# Good bye my first squat.



## urchin (Jun 9, 2014)

My first squat was a doctor's office in Nampa, ID on 12th avenue, a major road. I say "was" because today it is being torn down. I found out today.

I was sleeping when I heard the sound and sight of kickingt a side door. I peeked and saw two construction men who jumped back in surprise. They asked what are you doing and I said resting. They told me the building has to come down so get my stuff and leave. I didn't have the manpower to force them away (the big drawback of squatting alone) so I said okay after I smoked a bowl I left.

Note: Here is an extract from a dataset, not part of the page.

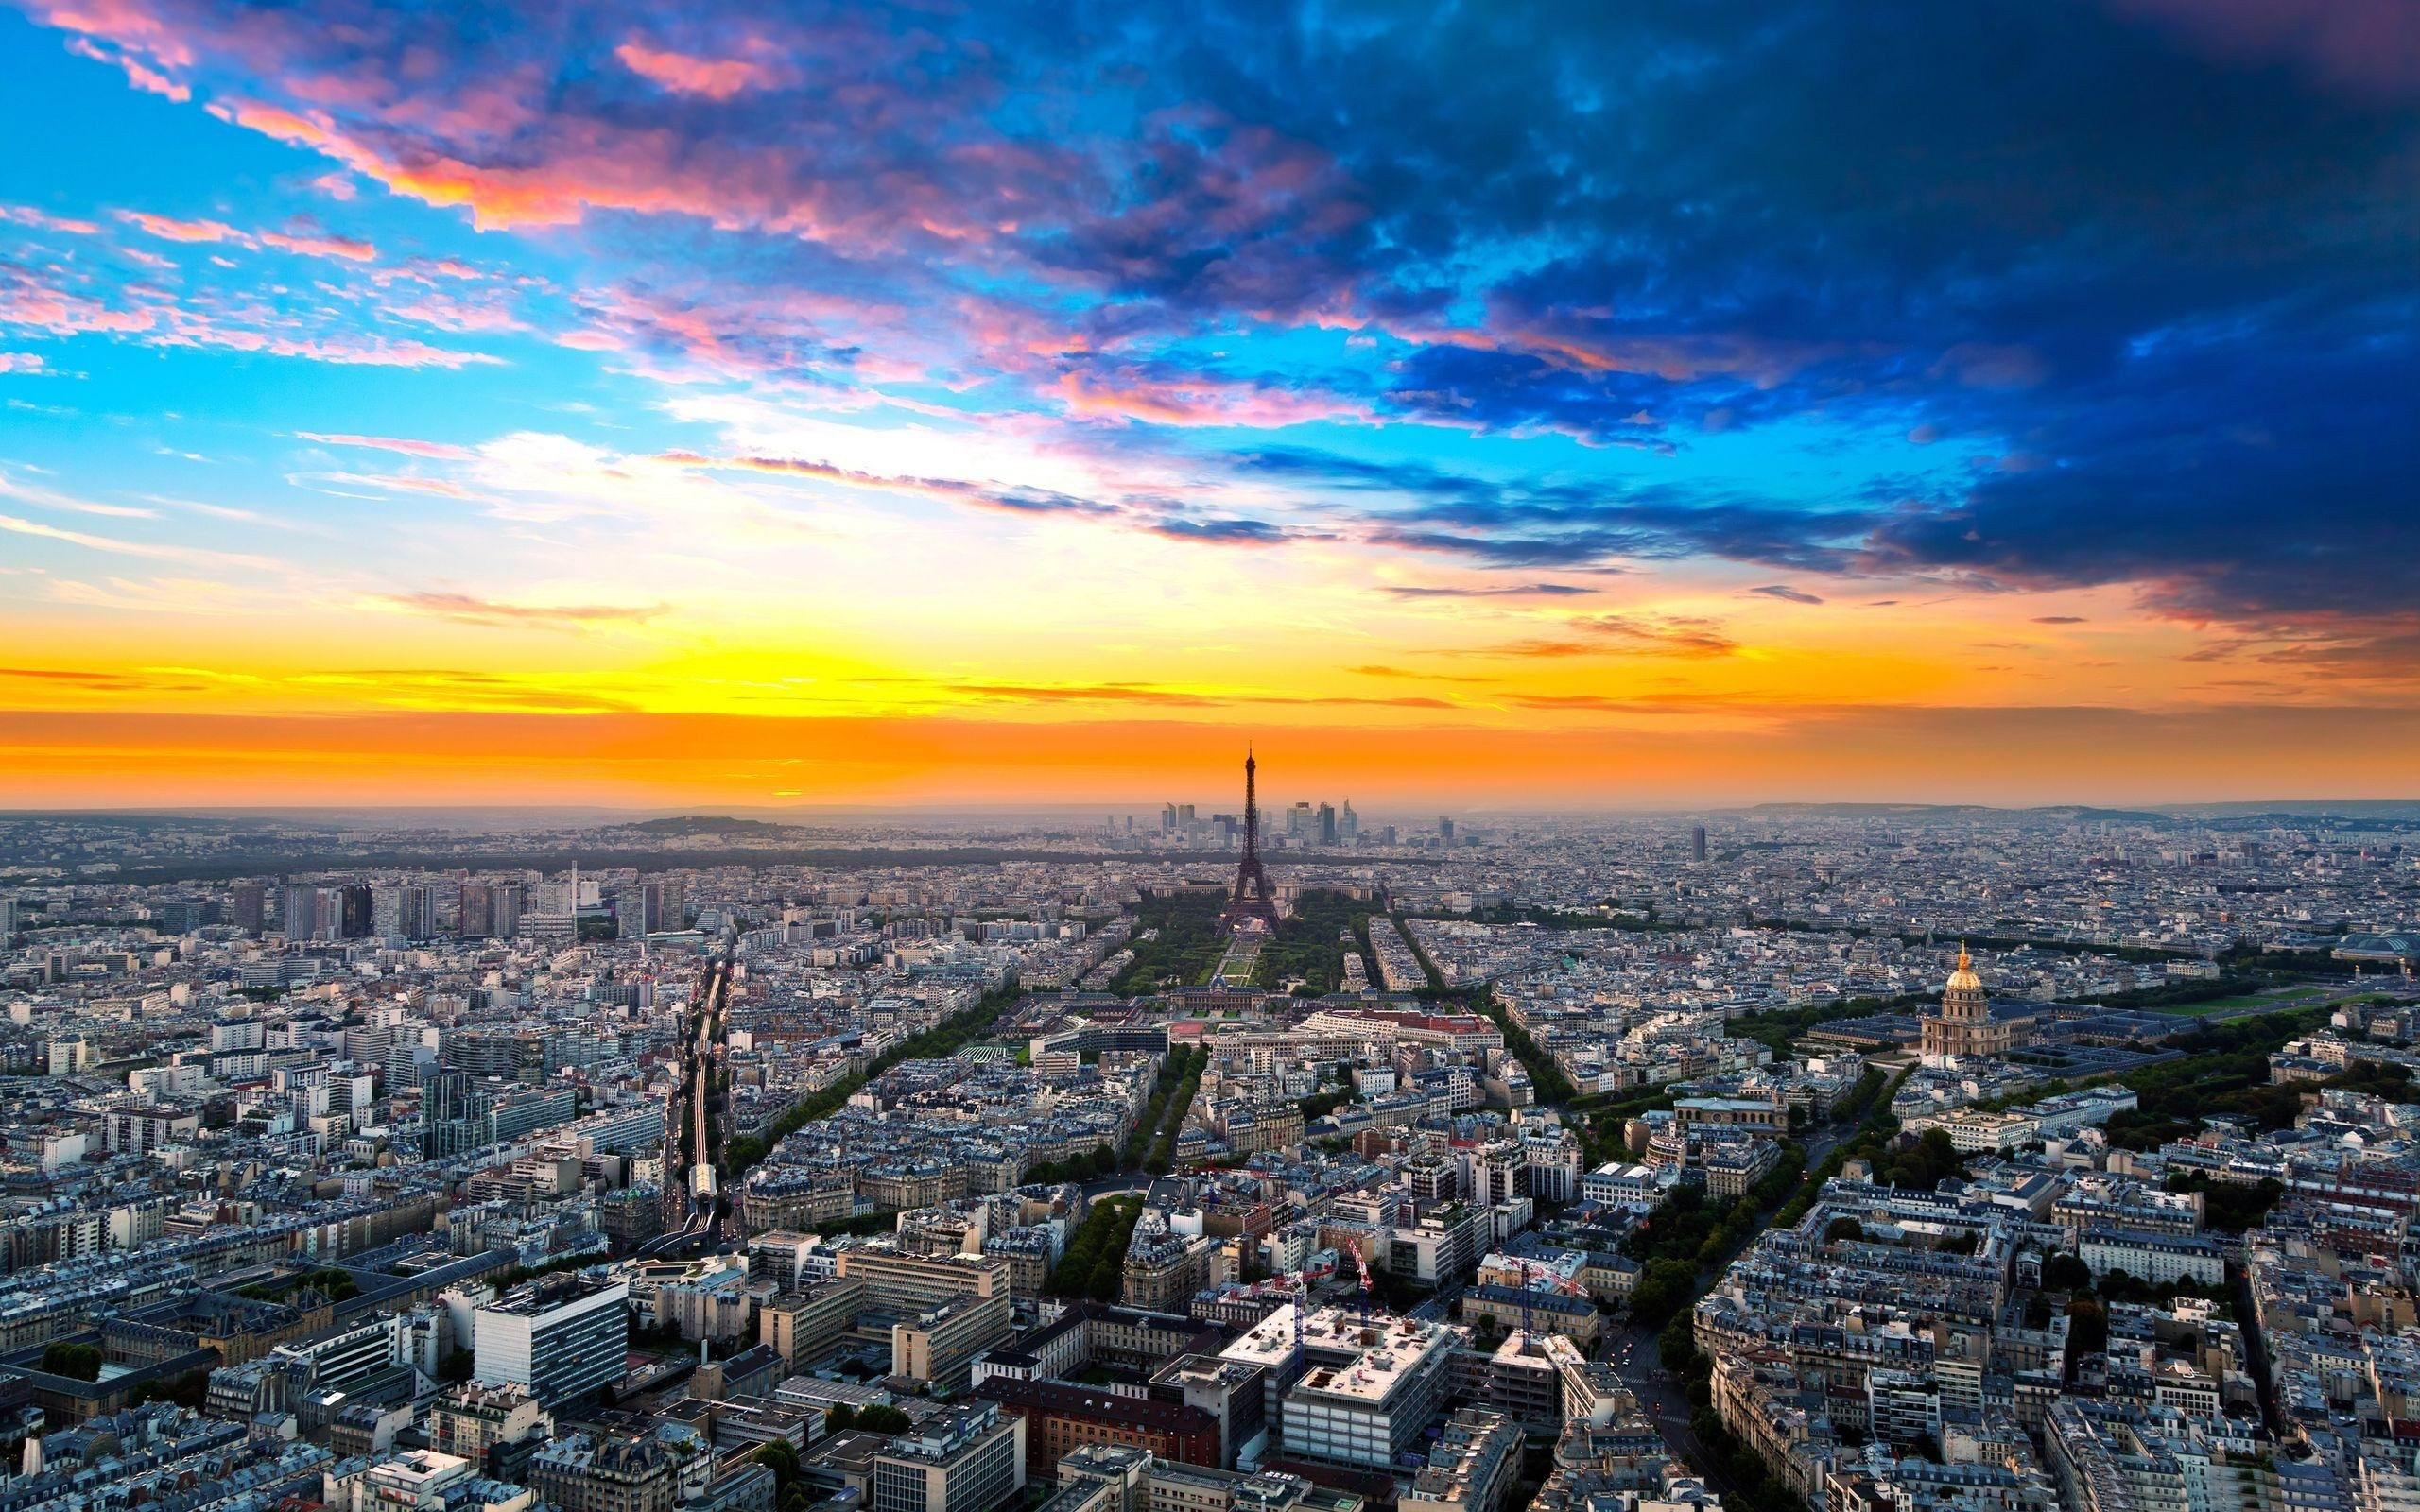 パリの街並み フランスの風景壁紙プレビュー 10wallpaper Com

I am going to take pictures of it. It was a nice place. It makes me a little sad too. I had high hopes for it, but like all good squats you likely had to end some time.


----------



## Matt Derrick (Jun 9, 2014)

True that, squats come and go. There will be plenty more


----------



## Sip (Jun 9, 2014)

Sorry for your loss, urchin.


----------



## urchin (Jun 9, 2014)

I'm keeping the keys as a souvenir and making them part of my necklace.


----------



## Hylyx (Jun 9, 2014)

Hah, the last 3 squats I live in in Seattle were all torn down to make way for condos or apartments. It's a common ending for good places to live.  Looks like you had a good run, and maybe the cleanest squat in history!


----------



## Kim Chee (Jun 9, 2014)

I'd say it was a success considering you weren't hauled off.

Hoooooray for free rent!


----------